CSFF Tour Participants’ links:

Sally Apokedak
Amy Bissell
Red Bissell
Jennifer Bogart
Thomas Clayton Booher
Keanan Brand
Beckie Burnham
Jeff Chapman
Christian Fiction Book Reviews
Valerie Comer
CSFF Blog Tour
D. G. D. Davidson
April Erwin
Andrea Graham
Tori Greene
Katie Hart
Bruce Hennigan
Christopher Hopper
Becky Jesse
Cris Jesse
Jason Joyner
Carol Keen
Shannon McDermott
Allen McGraw
Matt Mikalatos
Rebecca LuElla Miller
Donita K. Paul
Sarah Sawyer
Chawna Schroeder
Tammy Shelnut
Kathleen Smith
James Somers
Donna Swanson
Robert Treskillard
Fred Warren
Phyllis Wheeler
Nicole White
Elizabeth Williams
Dave Wilson


  1. I always am interested in your take on the books we feature, Andrea. Thanks for your article.

    I think the scene that most touches me about Grady’s condition (apart from the climax, which I wouldn’t want to give away) was when Short Fronie offered to take him in.

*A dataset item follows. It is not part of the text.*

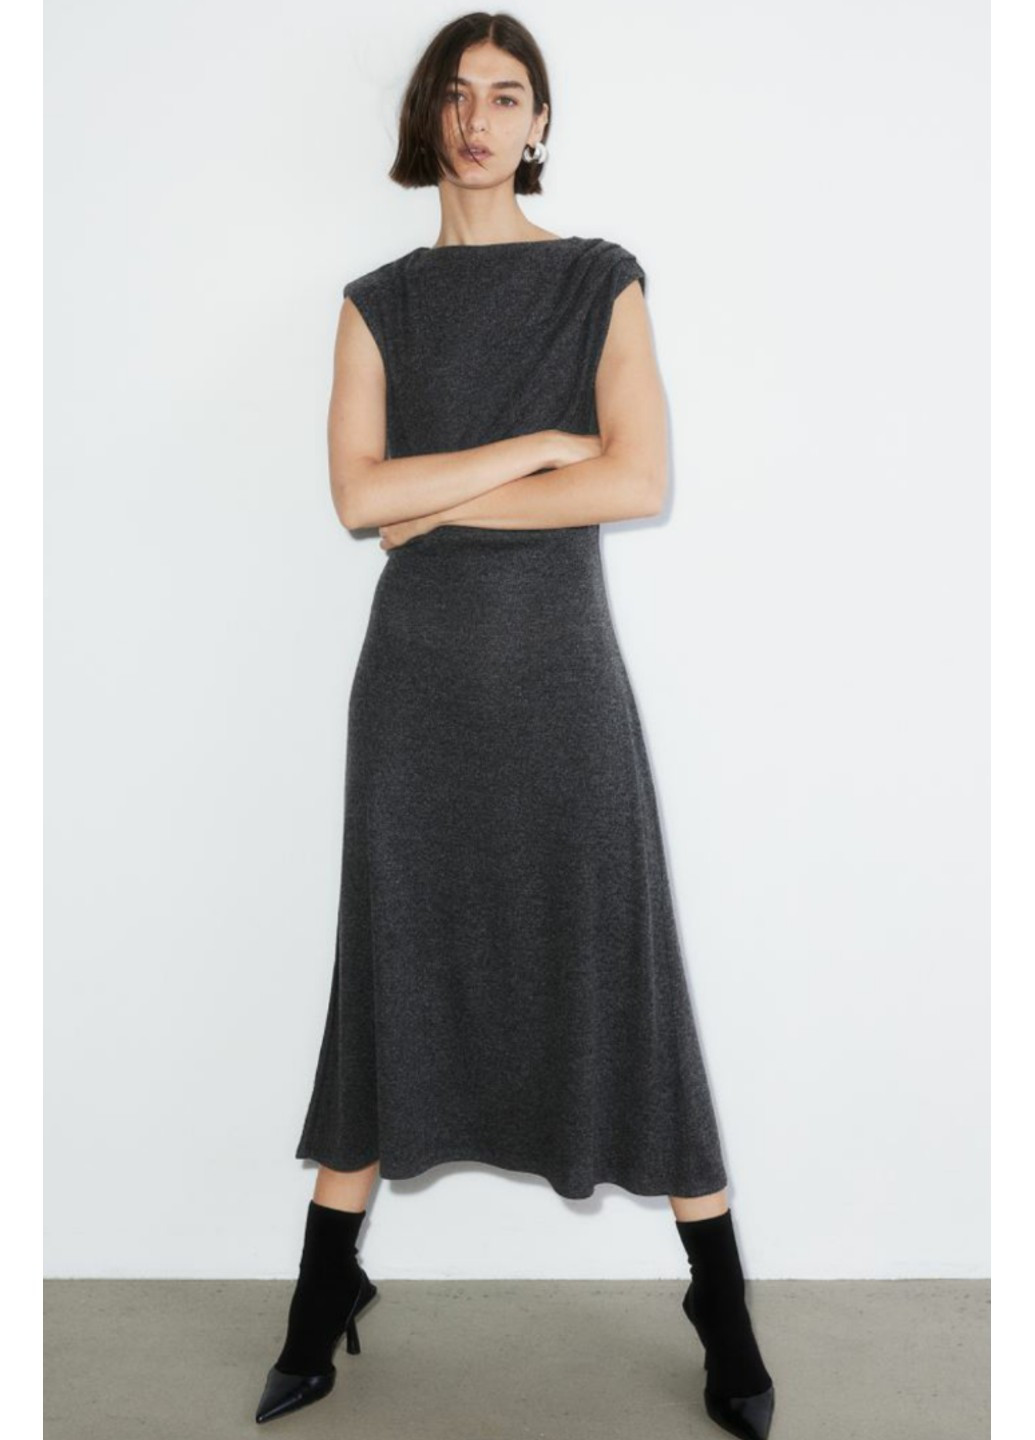 Серое деловое женское платье из трикотажа плиссе н&м (56557) s серое H&M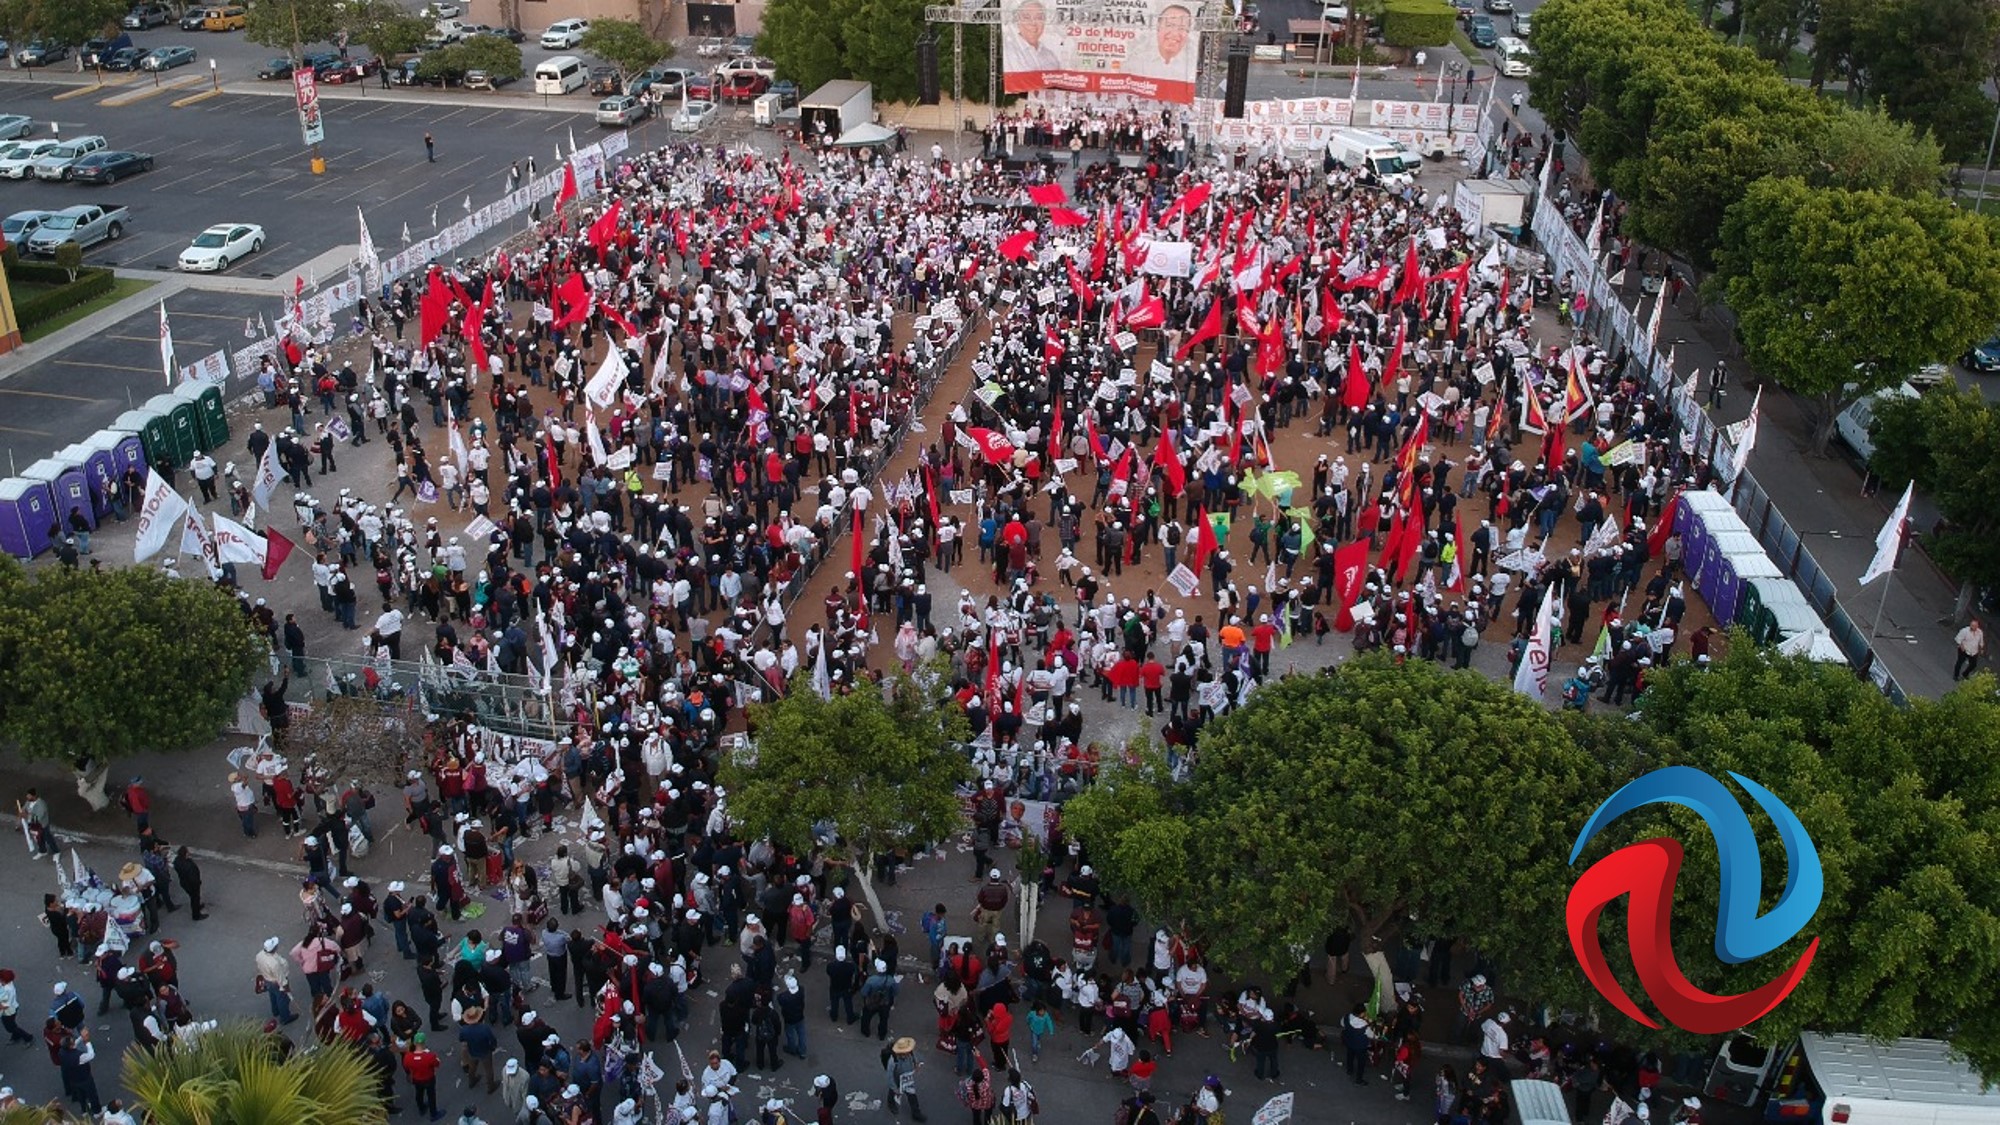 Morena cierra su campaña en Tijuana

  2. I thought the way that the fraud and deception were handled made it very clear that it was an unappealing lifestyle that would result in nothing but trouble, as Grady feels uncomfortable with it (though he’s known nothing different) and lands in hot water a number of times. But certainly, it would be worth discussing with young readers.

    It’s an interesting connection you made with the manipulation and fraud that occurs regularly from those in places of authority. Thanks for sharing your thoughts!

  3. Author

    Sarah–Personally, I tend to agree. I wanted to cover all possible bases, as there are some parents for whom that point would be totally lost on. My intent was to do my small part to warn off the sort of reader the author most certainly doesn’t want to be writing reviews on Amazon.

    Thanks. I think the fraud and manipulation from those in authority was dealt with quite subtly.

    Rebecca–you’re welcome, thank you. The scene where Short Fronie offered to take him in was indeed quite touching. I hope I’ve avoided giving away the climax. I saw it coming 200 pages away, and was quite pleased, but wouldn’t want to spoil it for others.

  4. Thanks, Andrea, for your attentive reading of my book. I’ve always been interested in the idea of how kids handle it when people they ought to trust prove to be untrustworthy. That’s one of the main things that drew me to the David story in the Wilderking books. When the boy David showed up at the battlefield, he saw his king, his older brothers, all the men of “the Army of God” terrified at the sight of a giant. In other words, people who should have been modeling faith for him showed that when it came down to it, they didn’t really believe any of the things they said they believe. And yet David was still accountable to that truth. He had an excuse to say, “It’s not the truth: the people who taught it to me don’t even believe it.” But he didn’t. He believed in God, not in people. Is the truth still the truth if it turns out the people who taught it to you don’t believe it themselves? That question is important in the Wilderking…and also in The Charlatan’s Boy (though I wouldn’t want to spoil anything).

  5. p.s. … As for the end, I expected for a lot of people to say they saw it coming, but as it turns out you’re unusual, Andrea. Had you already read the Wilderking books? That would certainly help a reader foresee the end.

  6. Lots to think about here. Thanks! I agree that the charlatan’s patter and the way the audience played into his hands offered great lessons for readers about being gullible. And readers who aren’t gullible to begin with will get a chuckle over those grown villagers who are gullible, I think. Kids love to feel smarter than the characters in books, I think. They love to get the joke.

    I also agree that Grady’s appealing voice and longing to be an honest boy, make him a thoroughly lovable narrator.

  7. Jonathan–you’re welcome. Yes, I had read the Bark of the Bog Owl. It probably does help to know feechies are real. LOL. It still works that way because I was smugly satisfied by the ending. It gave me what I wanted to see. 🙂 Truth is still truth even if no one believes it, and that is a good theme here.

    Sally–Yeah, loveable is a good word for Grady. Nothing ugly about him.